§ **Exercise directions**
Your answer should be the lines from the one containing "# 240008479 - For" through the final line below, copied exactly.

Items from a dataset
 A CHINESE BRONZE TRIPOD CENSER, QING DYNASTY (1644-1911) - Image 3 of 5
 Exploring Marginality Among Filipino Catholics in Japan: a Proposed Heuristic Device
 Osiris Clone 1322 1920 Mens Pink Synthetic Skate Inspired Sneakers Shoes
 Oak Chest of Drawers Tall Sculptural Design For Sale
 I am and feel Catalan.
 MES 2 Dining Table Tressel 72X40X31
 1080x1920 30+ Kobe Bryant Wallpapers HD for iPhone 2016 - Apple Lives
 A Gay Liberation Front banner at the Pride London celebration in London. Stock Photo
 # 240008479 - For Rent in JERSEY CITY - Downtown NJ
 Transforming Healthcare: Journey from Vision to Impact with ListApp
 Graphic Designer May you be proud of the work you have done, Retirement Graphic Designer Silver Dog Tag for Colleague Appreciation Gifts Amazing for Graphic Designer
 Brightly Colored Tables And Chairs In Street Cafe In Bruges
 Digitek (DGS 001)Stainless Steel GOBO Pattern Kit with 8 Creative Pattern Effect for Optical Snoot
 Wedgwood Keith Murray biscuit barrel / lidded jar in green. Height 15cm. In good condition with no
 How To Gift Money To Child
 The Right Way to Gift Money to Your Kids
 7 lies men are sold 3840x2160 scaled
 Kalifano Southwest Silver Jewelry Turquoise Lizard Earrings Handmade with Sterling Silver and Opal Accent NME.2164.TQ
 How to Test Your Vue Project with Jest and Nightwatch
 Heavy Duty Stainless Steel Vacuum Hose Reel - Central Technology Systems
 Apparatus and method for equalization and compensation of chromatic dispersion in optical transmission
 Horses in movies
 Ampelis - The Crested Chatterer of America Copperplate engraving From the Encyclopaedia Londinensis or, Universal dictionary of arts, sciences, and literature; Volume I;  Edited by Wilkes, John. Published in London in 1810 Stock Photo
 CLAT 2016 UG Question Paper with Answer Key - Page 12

§ **Output for this exercise**
 # 240008479 - For Rent in JERSEY CITY - Downtown NJ
 Transforming Healthcare: Journey from Vision to Impact with ListApp
 Graphic Designer May you be proud of the work you have done, Retirement Graphic Designer Silver Dog Tag for Colleague Appreciation Gifts Amazing for Graphic Designer
 Brightly Colored Tables And Chairs In Street Cafe In Bruges
 Digitek (DGS 001)Stainless Steel GOBO Pattern Kit with 8 Creative Pattern Effect for Optical Snoot
 Wedgwood Keith Murray biscuit barrel / lidded jar in green. Height 15cm. In good condition with no
 How To Gift Money To Child
 The Right Way to Gift Money to Your Kids
 7 lies men are sold 3840x2160 scaled
 Kalifano Southwest Silver Jewelry Turquoise Lizard Earrings Handmade with Sterling Silver and Opal Accent NME.2164.TQ
 How to Test Your Vue Project with Jest and Nightwatch
 Heavy Duty Stainless Steel Vacuum Hose Reel - Central Technology Systems
 Apparatus and method for equalization and compensation of chromatic dispersion in optical transmission
 Horses in movies
 Ampelis - The Crested Chatterer of America Copperplate engraving From the Encyclopaedia Londinensis or, Universal dictionary of arts, sciences, and literature; Volume I;  Edited by Wilkes, John. Published in London in 1810 Stock Photo
 CLAT 2016 UG Question Paper with Answer Key - Page 12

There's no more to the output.